For vegetables. Stretchy woven cotton fabric is soft and pliable, perfect for the tender stems of vegetables because they can expand and stretch as stems grow. Sophie uses it to secure her New Guinea bean to an archway by gently looping and tying the stem to the support with a granny knot. Use one tie every two to three nodes, or wherever needs the most encouragement. Alternatively, worn out old T-shirts, cut or ripped into strips, can be used in the same way.

For special plants, Sophie creates a figure-8 tie. To do this, wrap the fabric around the plant stem, then cross it over before looping around the stake or structure. This leaves a short gap between the plant and the stake, giving the plant extra support from the wind while keeping them nice and secure. When you’re finished with the ties, or the plant has outgrown the need for them, take them off. Because they’re biodegradable and will disintegrate under UV and rain, Sophie stores them inside to be recycled for next season.

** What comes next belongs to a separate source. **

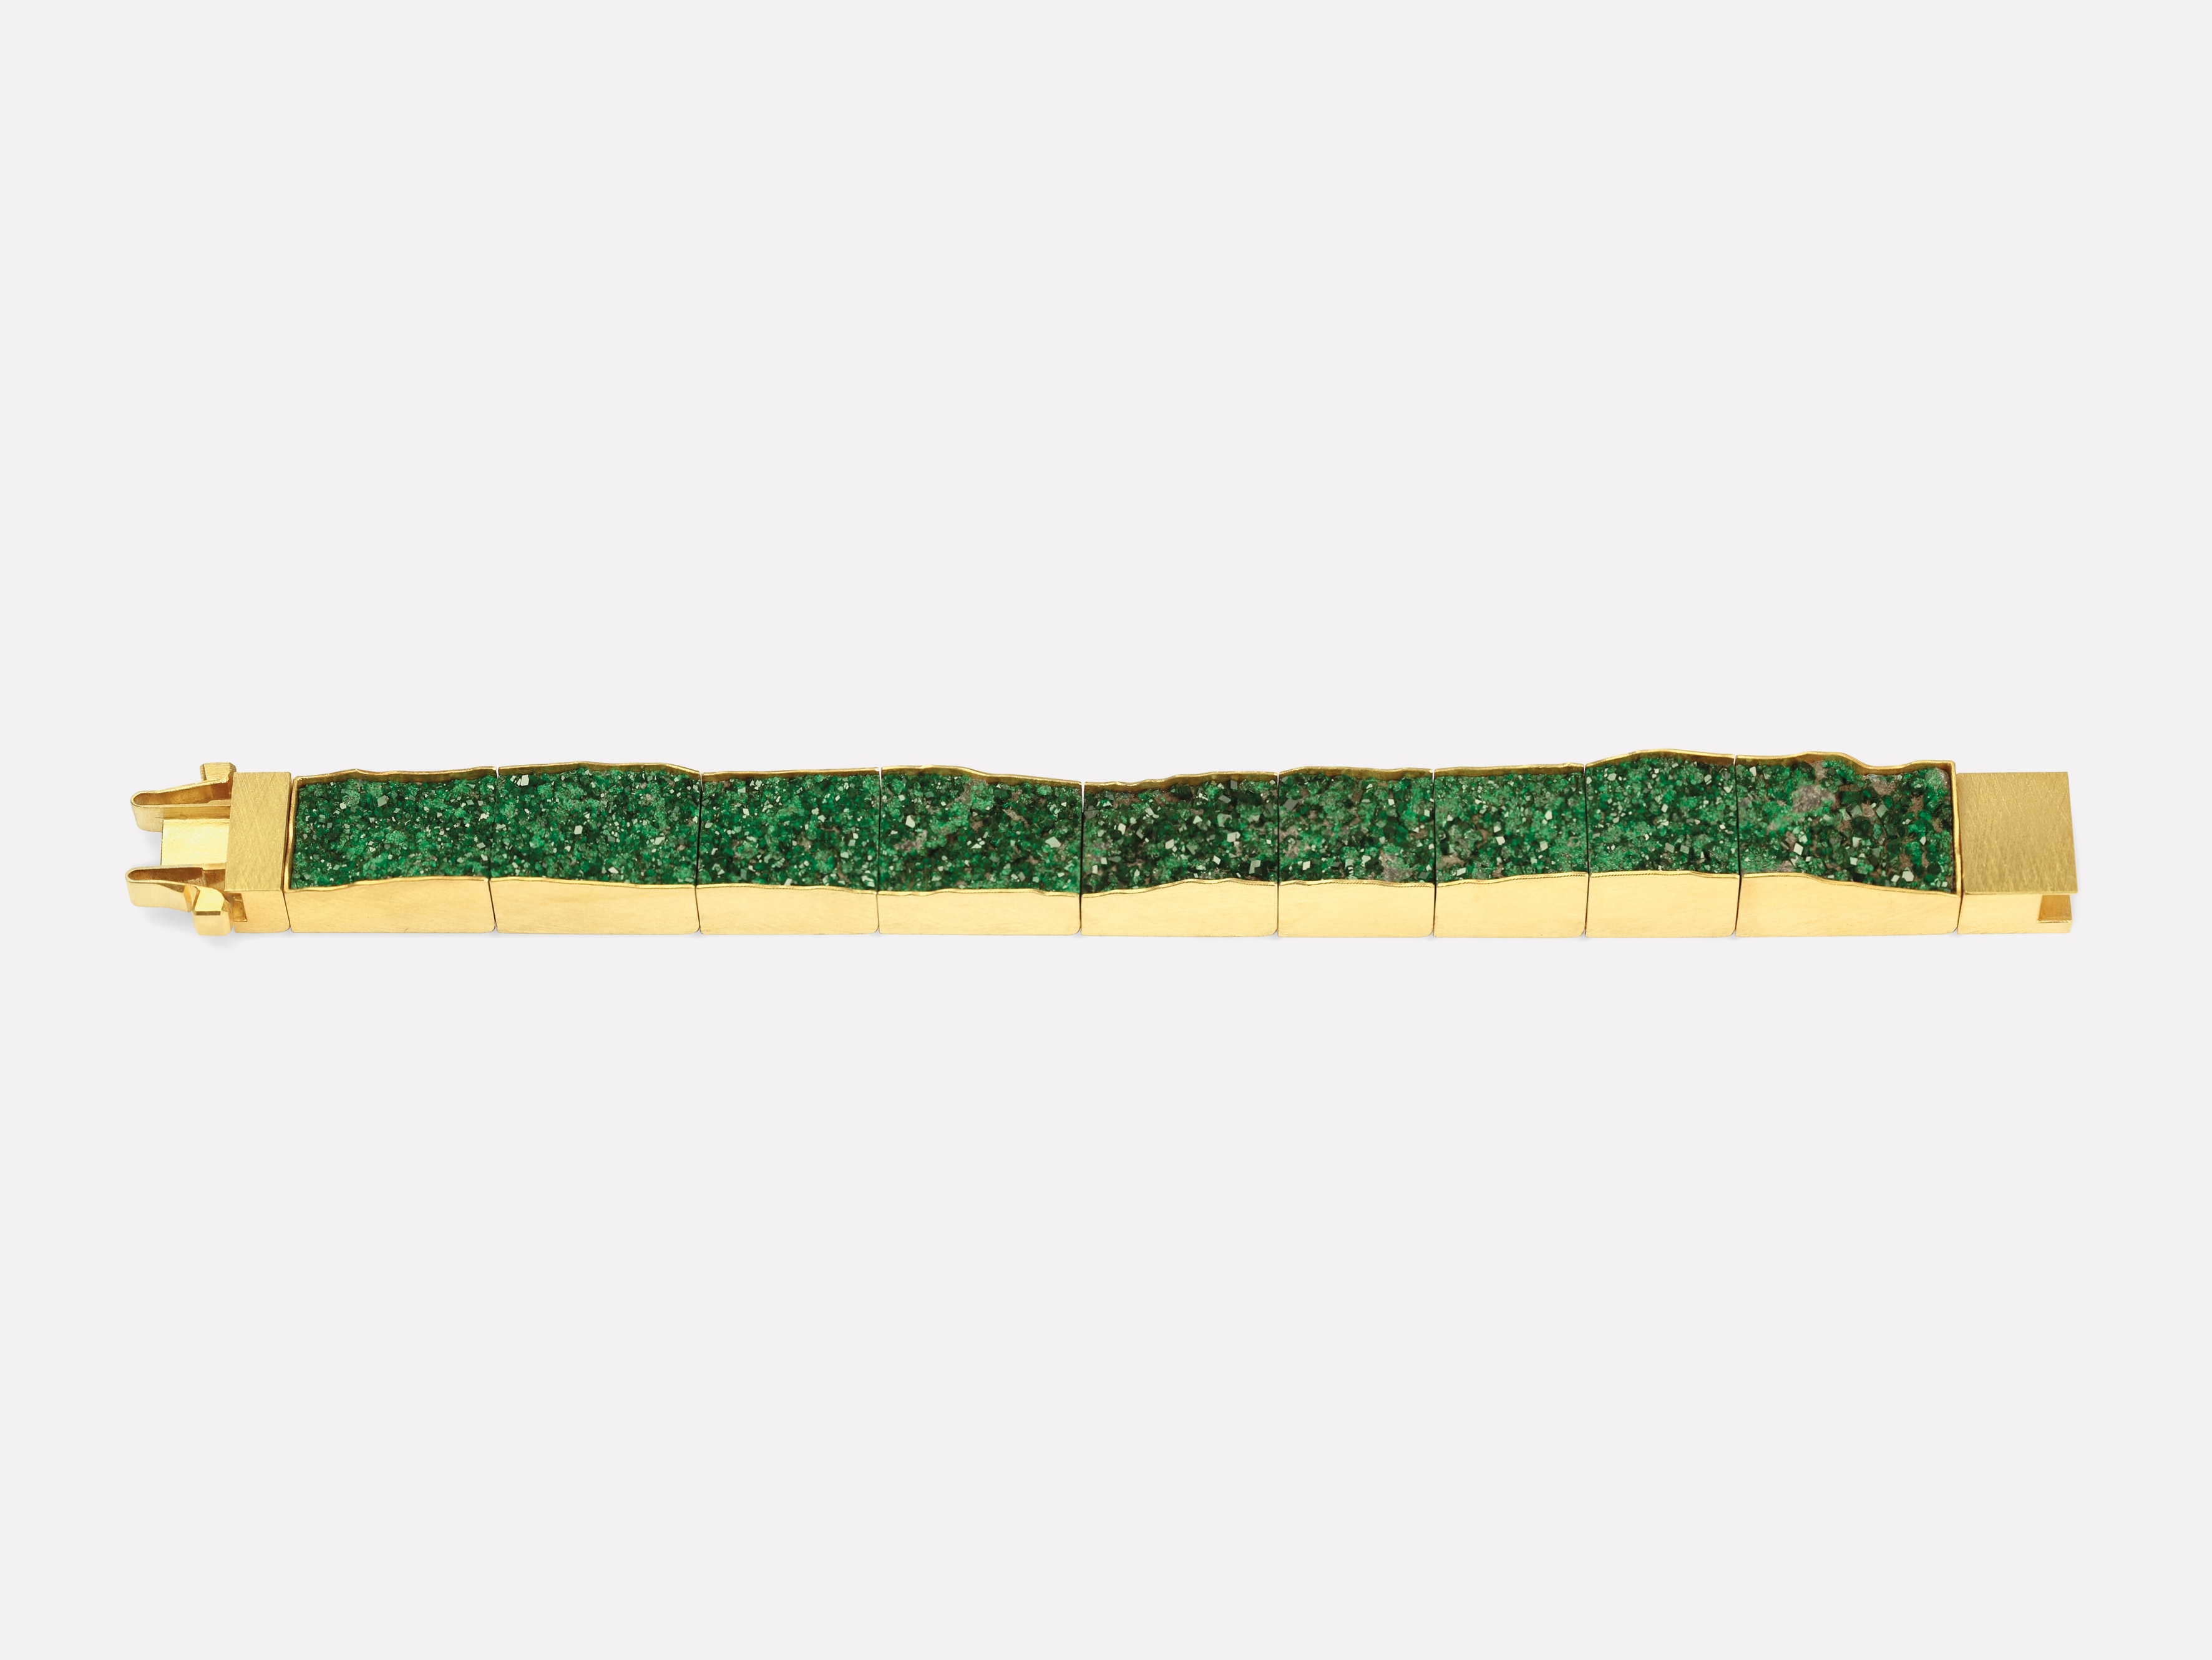 Armband_2018_Au750_Uwarowit_184mm

Weed Whacking – Gardening Australia episode 2 2023

Over the years, Jerry’s applied his expert knowledge and lived experience to build a thriving food bowl in his own backyard. But even here, Jerry faces that most perennial of gardening problems; weeds.

Weeds are plants that you don’t want in your garden but hang around anyway. They could be germinating from seeds blown in by the wind or dropped by birds. They might be emerging from underground bulbs leftover from a previous gardener. They can even be plants you deliberately introduced into your garden that are popping up in the wrong spots or have long overstayed their welcome. Weeds have often evolved to be ultra-competitive, quickly outpacing other garden plants.

However they got here, they’re not welcome. Jerry says “Why weed? Weeds compete for sunlight, moisture and nutrients with what you want to grow”. This leads to stunted results from your preferred plants, and due to their competitive nature, you’ll have a garden full of nothing but weeds before you know it.

Jerry is a big proponent of weeding by hand. He finds the dexterity allows an opportunity to identify weeds and distinguish them from welcome self-sown vegetables. He uses kitchen scissors to cut weed seedlings off at the base; “a precise way to do it without disturbing soil. It’s detailed work.” Disturbing soil can bring more weeds to the surface. Hand weeding is best done when it’s slightly wet, as the roots come out of the soil more easily. But sometimes the scale and size of the weeds requires a bigger approach. For this Jerry uses a Dutch hoe, a simple tool that works to sever weeds from their roots.

Jerry says that weeding in the right weather can also help make a hard job a little easier. “When using the Dutch hoe, it’s best done when the soil is slightly dry, to allow the weeds you pull out to dry and die. Chickweed is a classic one where if it’s not dry, all you’re doing with the hoe is moving it around the garden; it just resettles”.

Chook Tractor

Hannah shows how to harness chicken power, with a neat chicken tractor! Chickens are wonderful garden companions, providing eggs, manure, eating scraps and they’re pretty good company too! Their constant love of eating and scratching up soil for grubs and slugs can be harnessed to help the garden, with a well-designed chicken tractor.

A chicken tractor is a portable pen that can be moved around the garden to control where your chickens feed, scratch and poop. It’s good for the chickens as they get to roam outside their usual home and get a good feed. And it’s good for the garden as they help improve and prepare the soil for new plantings by adding nutrients and lightly turning over the soil. They can also lend a hand in areas where you need help with maintaining weeds.

Fresh chicken manure is very strong and can be harmful to plants. But as the tractor moves around regularly, there should only be a small amount in one place which can be dug into the soil, or shovel excess into your compost system.

Chicken tractors can be made from a range of repurposed materials. Hannah constructed hers with timber and polypipe for the frame, chicken wire for the main covering, and an old fabric sign for shelter. The main material considerations are weight – you need to be able to lift and carry it around; and security – it shouldn’t blow over in the wind and the chooks shouldn’t be able to escape!